I'm up against the railing. I've heard about the railing. This is where the elitist fans go to prove that they're the best. I'm not here to prove anything, except my unbridled desire to see this band live. I've been into the Drive-By Truckers for seven months. I listen to them daily. I have a tattoo celebrating the band. I flew to Atlanta to see them perform the final show on their tour. (Among other things; I'm also here to see my buddy Joe, and to go to Six Flags Over Georgia to see if the Great American Scream Machine is as fantastic as it has been in my dreams.) It's rare when I fall in love with a band this fast and this hard. I'm pumped. I'm ready. And when they take the stage, I'm blown away.
A quick flashback: like I said, I've only been into them for seven months. But you know how it goes.

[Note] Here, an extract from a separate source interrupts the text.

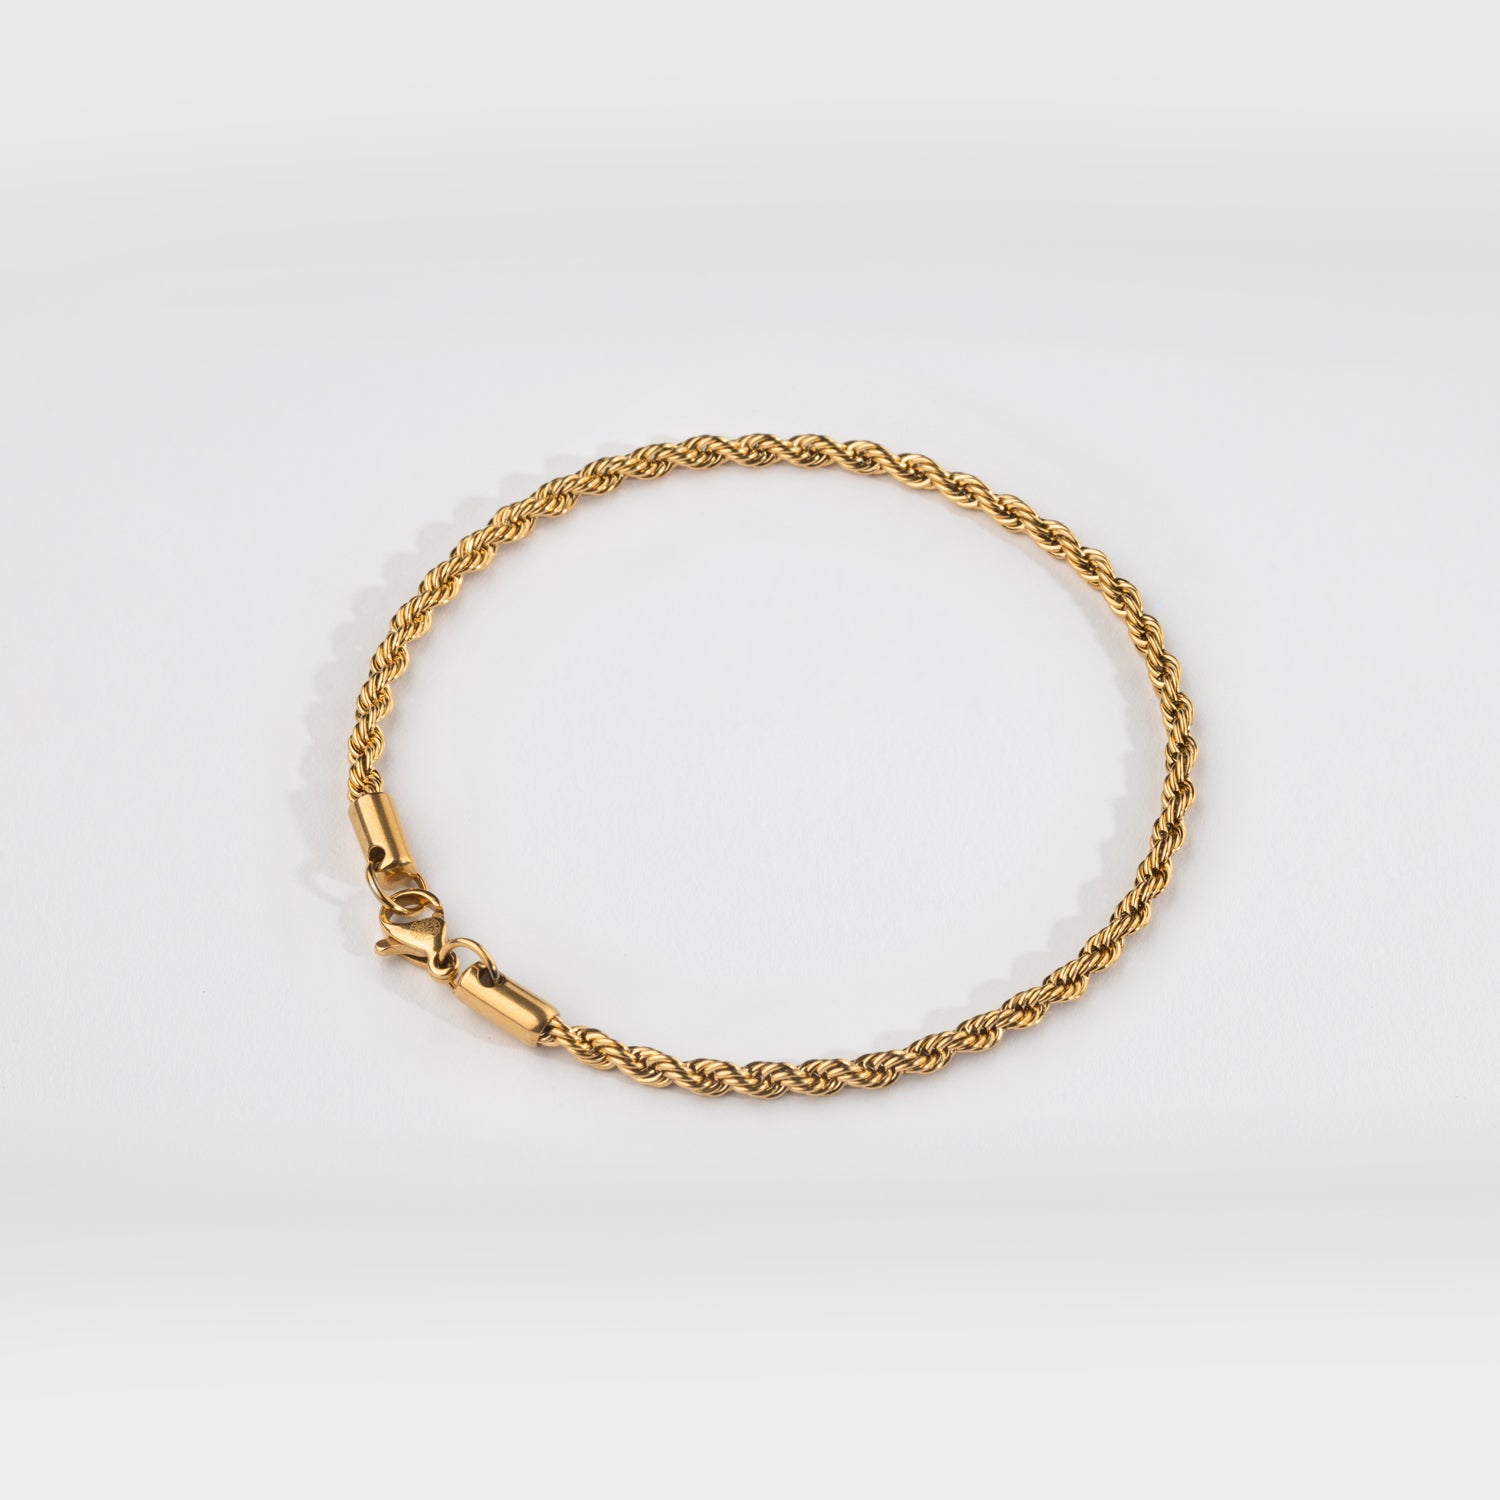 NL Rope bracelet - Gold-toned

I had one of their songs - "Birthday Boy," a newer one - on a mix for a year. Listened to it constantly. Never had any interest in going deeper. Then one day I bought their greatest hits album and something inside me broke open. I hate being a writer and saying "I can't describe it," because I can describe it; it's just one of those times when words diminish an experience we all understand innately. It's like the music has been there all the time, somewhere in your heart and brain and soul, waiting to be excavated and brought to the surface. There's no "getting into it" because you're already there. In "Tangled Up In Blue," Bob Dylan says, "and every one of them words rang true, and glowed like burning coal / pouring off of every page like it was written on my soul." I think that's the perfect way to describe new music you've been waiting for all your life.

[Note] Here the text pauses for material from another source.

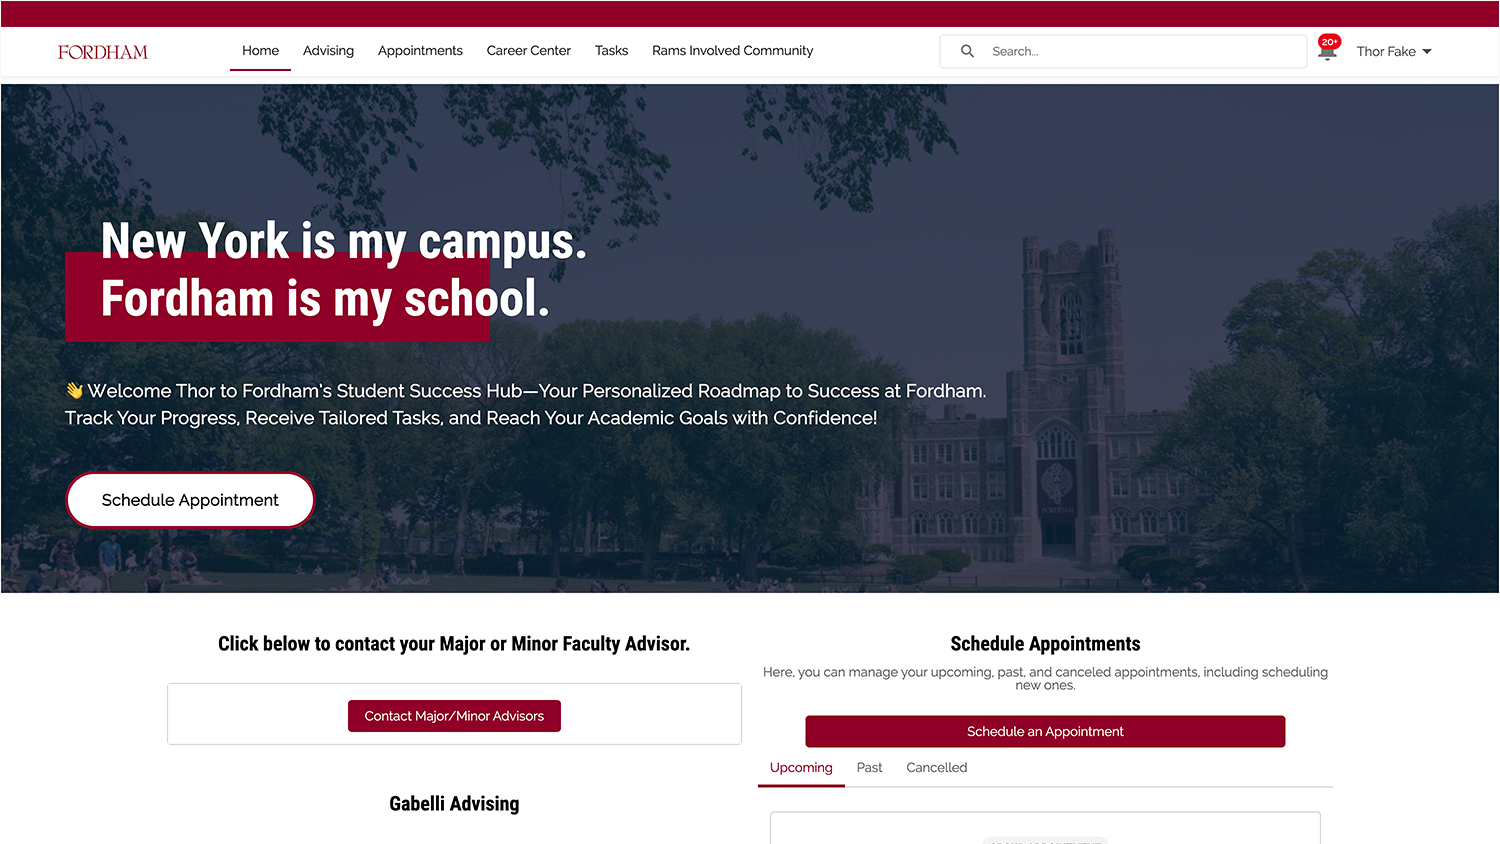 The homepage design of Fordham University's Student Success Hub

I added piece by piece, putting the Drive-By Truckers together the way you do now for a band who's been around for awhile and you're gulping but trying to sip. I downloaded tracks from every album, the ones the rock critics thought were their best. Listened to those, figured out which ones I liked and which ones I didn't. There weren't many I didn't. From there, full albums - again, the one the rock critics said were the essentials. Now, look. Rock critics don't know everything and I know that. But they know something. The better ones are able, at least, to give generalities; if you're someone who likes rock music, you begin to pick up on these generalities. You begin to recognize comparisons, analogies. If you enjoy x, you'll probably like z. My initial reactions are almost always mine alone; I need critics to get me into that crucial next step - the what next, past the line dilettantes cross into the world of fandom.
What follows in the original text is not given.